White Suffolk is an Australian breed of meat sheep developed for Australian conditions. Work commenced on a breeding program in the mid-1970s with experimentation conducted by Professor E. Roberts (University of New South Wales). His aim was to produce a breed with the conformation, structure and growth of the Suffolk but with a white head, legs and body. Professor Roberts had observed that despite the Suffolk breed producing clearly the best lambs, it commanded only a small share of the Australian prime lamb market. The main reason for this reluctance was caused by the dark points and the reduced skin values, in which dropped prices dramatically. In the 1980s other breeders also took up the challenge to develop the breed with improved quality and numbers. It was then developed from breeding programs involving the Suffolk breed, initially, crossed with a white breed (mainly Poll Dorsets).

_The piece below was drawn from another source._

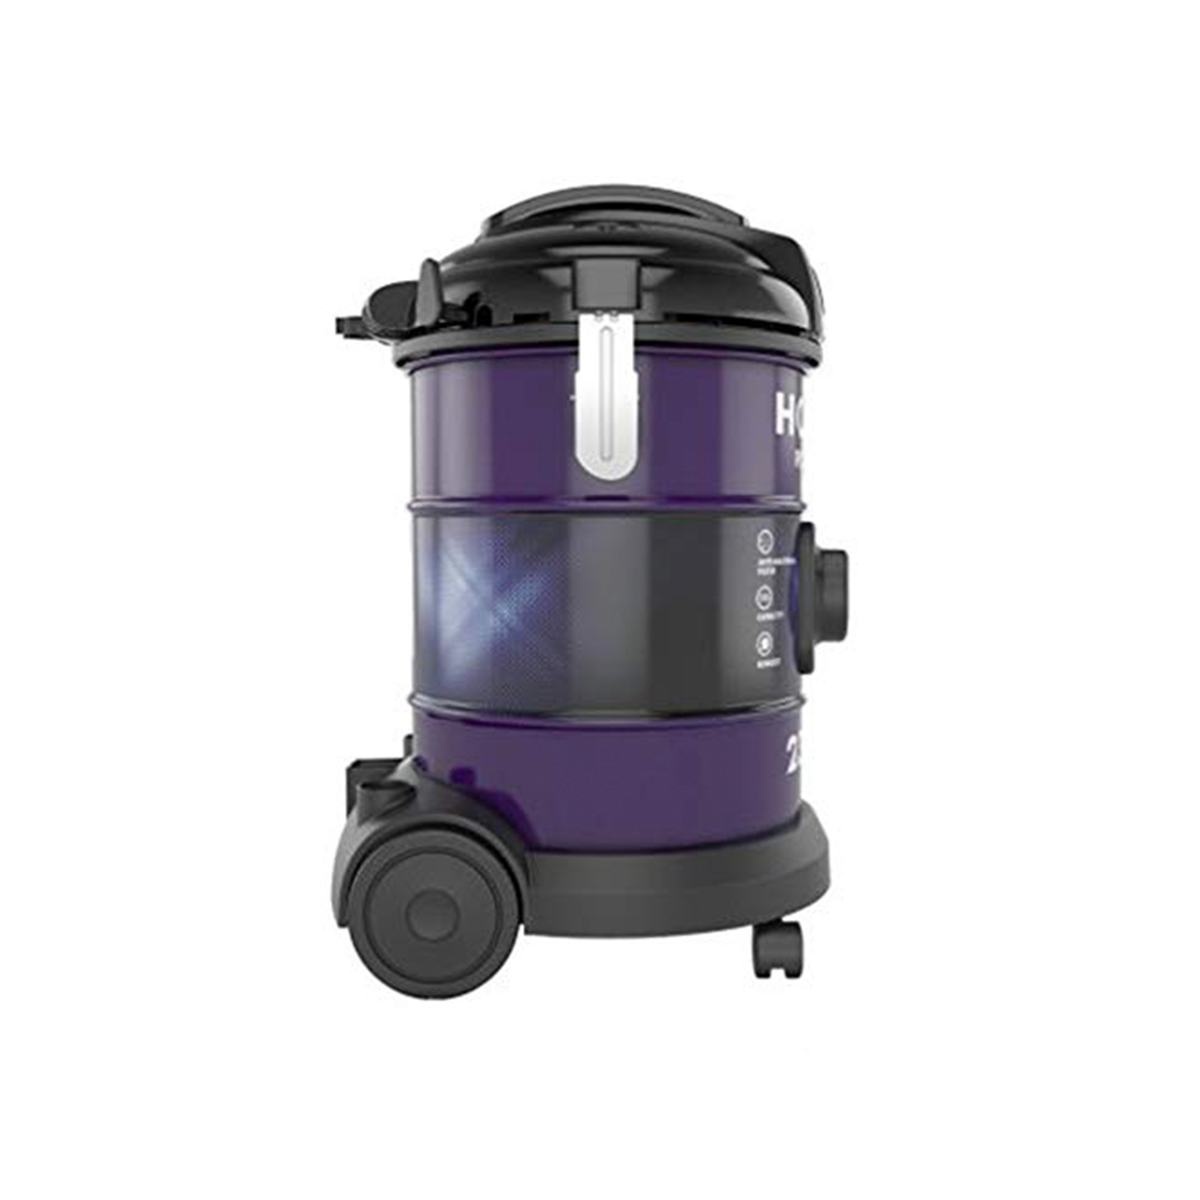 Hoover Drum Vacuum Cleaner HT85T3 2300W
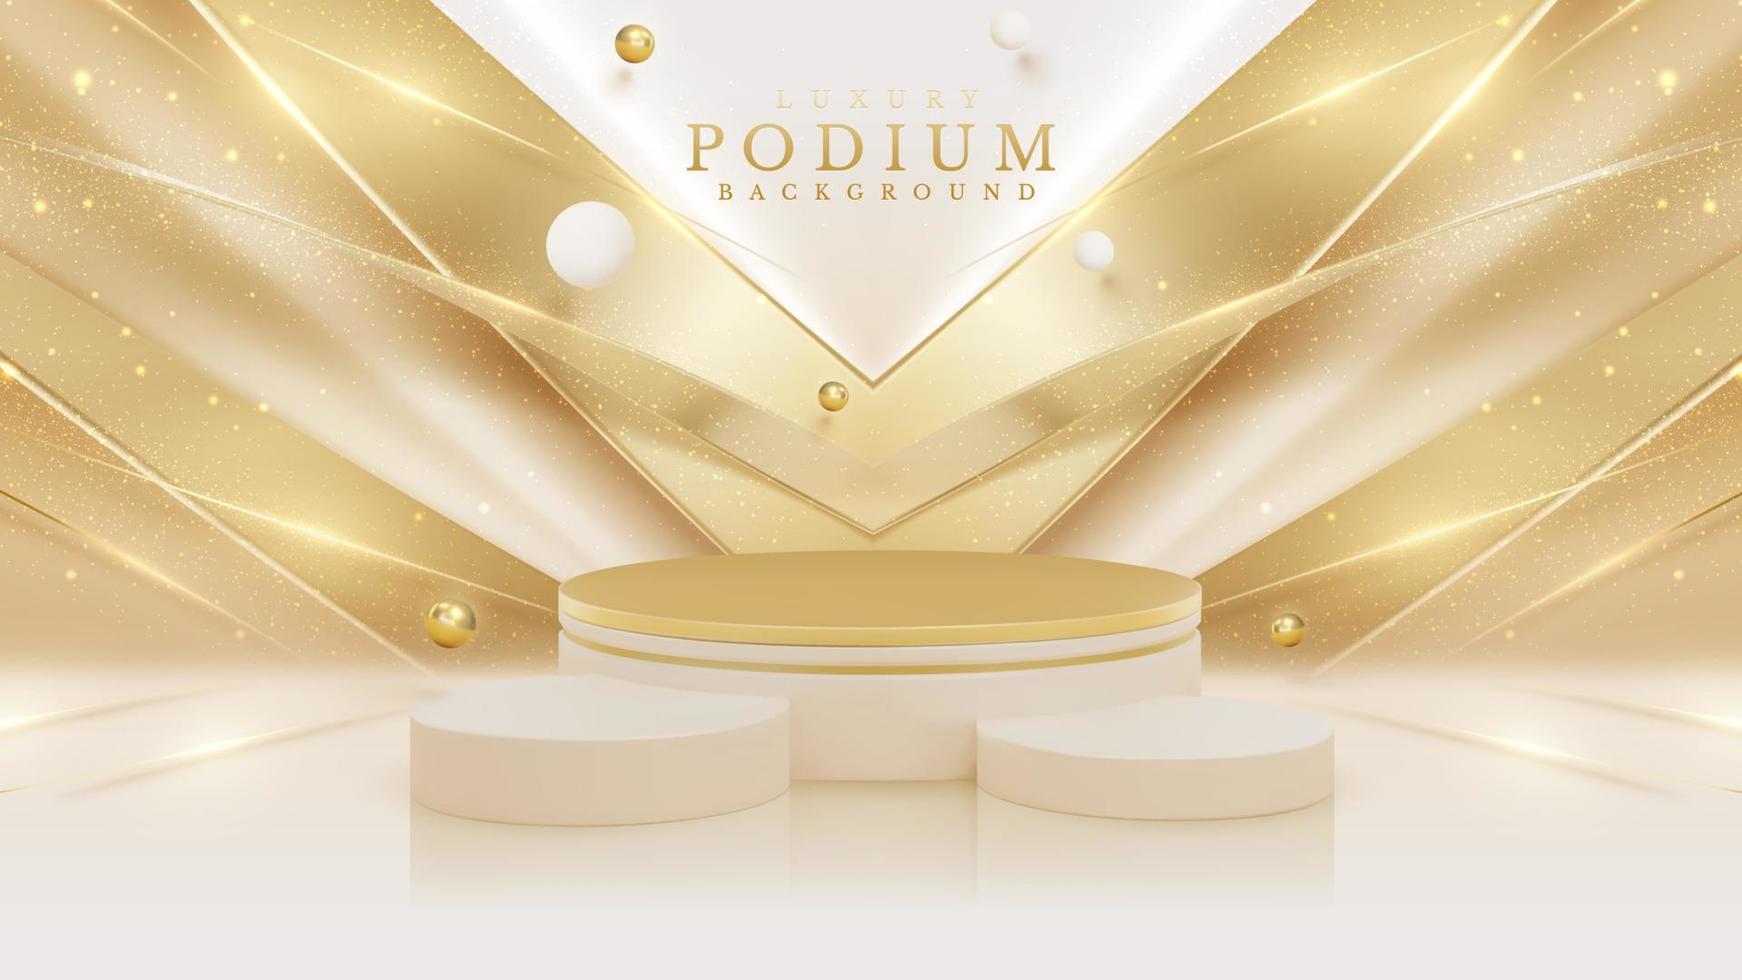 Product Scherm podium met gouden kromme lijn element en bal decoratie en schitteren licht effect. vector illustratie.

The White Suffolk is producing good results in a variety of pastoral, mixed farming and higher rainfall districts.

In 1992 U.S. genetics became available and have now been infused into a percentage of White Suffolk studs. Artificial insemination is used by breeders to source superior genetics that are available to association members.

Associations
The Australian White Suffolk Association was established in 1985 and aims to produce a breed that has all the Suffolk characteristics except the black points, while maintaining the superior growth rate and ability to produce carcasses ideally suited to all sections in the meat industry.